* What the task asks *
Transcribe the listing from its top line through the line with "Phát thưởng cho". Keep it exact, both ends included, and add nothing.

* Data records *
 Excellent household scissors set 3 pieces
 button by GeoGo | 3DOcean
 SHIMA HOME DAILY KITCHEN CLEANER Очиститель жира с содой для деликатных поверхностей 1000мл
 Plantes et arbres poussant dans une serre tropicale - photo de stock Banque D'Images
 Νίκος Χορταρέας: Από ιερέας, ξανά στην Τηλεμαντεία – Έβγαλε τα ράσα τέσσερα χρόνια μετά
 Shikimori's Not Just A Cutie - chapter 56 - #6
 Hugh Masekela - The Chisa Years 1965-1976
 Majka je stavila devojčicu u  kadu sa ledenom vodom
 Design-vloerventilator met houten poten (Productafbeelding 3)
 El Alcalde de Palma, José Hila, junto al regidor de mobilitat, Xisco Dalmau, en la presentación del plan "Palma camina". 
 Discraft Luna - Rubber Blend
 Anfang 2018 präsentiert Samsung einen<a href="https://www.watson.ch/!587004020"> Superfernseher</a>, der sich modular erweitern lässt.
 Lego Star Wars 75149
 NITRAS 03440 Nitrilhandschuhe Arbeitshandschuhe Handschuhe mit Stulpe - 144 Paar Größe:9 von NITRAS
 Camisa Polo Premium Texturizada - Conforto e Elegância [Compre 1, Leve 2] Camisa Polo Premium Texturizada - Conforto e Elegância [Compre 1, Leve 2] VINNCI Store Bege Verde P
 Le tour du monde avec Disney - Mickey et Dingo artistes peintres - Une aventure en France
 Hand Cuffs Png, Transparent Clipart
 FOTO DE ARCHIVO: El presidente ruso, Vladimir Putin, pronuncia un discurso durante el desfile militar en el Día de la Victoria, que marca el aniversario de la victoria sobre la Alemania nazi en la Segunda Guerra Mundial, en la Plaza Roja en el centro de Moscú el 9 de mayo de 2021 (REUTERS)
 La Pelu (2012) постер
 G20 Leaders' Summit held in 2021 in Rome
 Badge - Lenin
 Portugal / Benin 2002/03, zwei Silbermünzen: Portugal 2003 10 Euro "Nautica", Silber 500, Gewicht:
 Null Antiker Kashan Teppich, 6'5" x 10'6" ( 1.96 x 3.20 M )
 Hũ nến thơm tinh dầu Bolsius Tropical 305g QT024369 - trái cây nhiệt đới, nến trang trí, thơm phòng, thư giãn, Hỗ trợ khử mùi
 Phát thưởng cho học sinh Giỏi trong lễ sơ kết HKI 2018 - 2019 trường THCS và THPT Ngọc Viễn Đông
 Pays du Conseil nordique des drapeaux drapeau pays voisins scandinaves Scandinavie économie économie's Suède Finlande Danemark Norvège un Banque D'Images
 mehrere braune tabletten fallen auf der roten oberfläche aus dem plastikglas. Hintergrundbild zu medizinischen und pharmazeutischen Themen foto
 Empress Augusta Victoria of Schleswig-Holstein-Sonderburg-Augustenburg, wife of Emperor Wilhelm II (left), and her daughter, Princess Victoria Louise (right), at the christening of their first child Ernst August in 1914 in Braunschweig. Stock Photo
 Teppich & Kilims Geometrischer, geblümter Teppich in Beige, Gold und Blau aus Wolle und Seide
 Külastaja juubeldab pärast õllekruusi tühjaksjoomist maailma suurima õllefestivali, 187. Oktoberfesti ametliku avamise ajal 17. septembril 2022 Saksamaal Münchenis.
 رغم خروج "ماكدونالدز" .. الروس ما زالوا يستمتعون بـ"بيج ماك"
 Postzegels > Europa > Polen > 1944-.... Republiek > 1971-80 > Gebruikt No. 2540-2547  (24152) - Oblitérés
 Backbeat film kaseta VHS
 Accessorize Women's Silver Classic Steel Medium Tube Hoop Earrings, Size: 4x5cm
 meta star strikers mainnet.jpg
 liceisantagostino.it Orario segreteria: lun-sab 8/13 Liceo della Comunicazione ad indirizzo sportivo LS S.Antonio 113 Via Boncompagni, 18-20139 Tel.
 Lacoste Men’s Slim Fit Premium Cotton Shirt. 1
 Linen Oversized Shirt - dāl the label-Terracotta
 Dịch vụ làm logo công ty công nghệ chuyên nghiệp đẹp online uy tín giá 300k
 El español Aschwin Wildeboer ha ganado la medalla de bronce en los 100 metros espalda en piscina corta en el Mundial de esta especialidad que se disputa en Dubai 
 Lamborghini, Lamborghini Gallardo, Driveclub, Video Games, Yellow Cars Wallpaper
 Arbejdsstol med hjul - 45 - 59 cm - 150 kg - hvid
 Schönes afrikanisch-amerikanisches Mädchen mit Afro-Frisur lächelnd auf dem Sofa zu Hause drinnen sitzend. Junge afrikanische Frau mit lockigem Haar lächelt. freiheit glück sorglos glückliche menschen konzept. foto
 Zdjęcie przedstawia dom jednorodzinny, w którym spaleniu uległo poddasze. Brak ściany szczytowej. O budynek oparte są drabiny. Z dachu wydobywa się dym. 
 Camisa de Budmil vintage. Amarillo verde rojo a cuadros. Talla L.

* Result of the task *
 Excellent household scissors set 3 pieces
 button by GeoGo | 3DOcean
 SHIMA HOME DAILY KITCHEN CLEANER Очиститель жира с содой для деликатных поверхностей 1000мл
 Plantes et arbres poussant dans une serre tropicale - photo de stock Banque D'Images
 Νίκος Χορταρέας: Από ιερέας, ξανά στην Τηλεμαντεία – Έβγαλε τα ράσα τέσσερα χρόνια μετά
 Shikimori's Not Just A Cutie - chapter 56 - #6
 Hugh Masekela - The Chisa Years 1965-1976
 Majka je stavila devojčicu u  kadu sa ledenom vodom
 Design-vloerventilator met houten poten (Productafbeelding 3)
 El Alcalde de Palma, José Hila, junto al regidor de mobilitat, Xisco Dalmau, en la presentación del plan "Palma camina". 
 Discraft Luna - Rubber Blend
 Anfang 2018 präsentiert Samsung einen<a href="https://www.watson.ch/!587004020"> Superfernseher</a>, der sich modular erweitern lässt.
 Lego Star Wars 75149
 NITRAS 03440 Nitrilhandschuhe Arbeitshandschuhe Handschuhe mit Stulpe - 144 Paar Größe:9 von NITRAS
 Camisa Polo Premium Texturizada - Conforto e Elegância [Compre 1, Leve 2] Camisa Polo Premium Texturizada - Conforto e Elegância [Compre 1, Leve 2] VINNCI Store Bege Verde P
 Le tour du monde avec Disney - Mickey et Dingo artistes peintres - Une aventure en France
 Hand Cuffs Png, Transparent Clipart
 FOTO DE ARCHIVO: El presidente ruso, Vladimir Putin, pronuncia un discurso durante el desfile militar en el Día de la Victoria, que marca el aniversario de la victoria sobre la Alemania nazi en la Segunda Guerra Mundial, en la Plaza Roja en el centro de Moscú el 9 de mayo de 2021 (REUTERS)
 La Pelu (2012) постер
 G20 Leaders' Summit held in 2021 in Rome
 Badge - Lenin
 Portugal / Benin 2002/03, zwei Silbermünzen: Portugal 2003 10 Euro "Nautica", Silber 500, Gewicht:
 Null Antiker Kashan Teppich, 6'5" x 10'6" ( 1.96 x 3.20 M )
 Hũ nến thơm tinh dầu Bolsius Tropical 305g QT024369 - trái cây nhiệt đới, nến trang trí, thơm phòng, thư giãn, Hỗ trợ khử mùi
 Phát thưởng cho học sinh Giỏi trong lễ sơ kết HKI 2018 - 2019 trường THCS và THPT Ngọc Viễn Đông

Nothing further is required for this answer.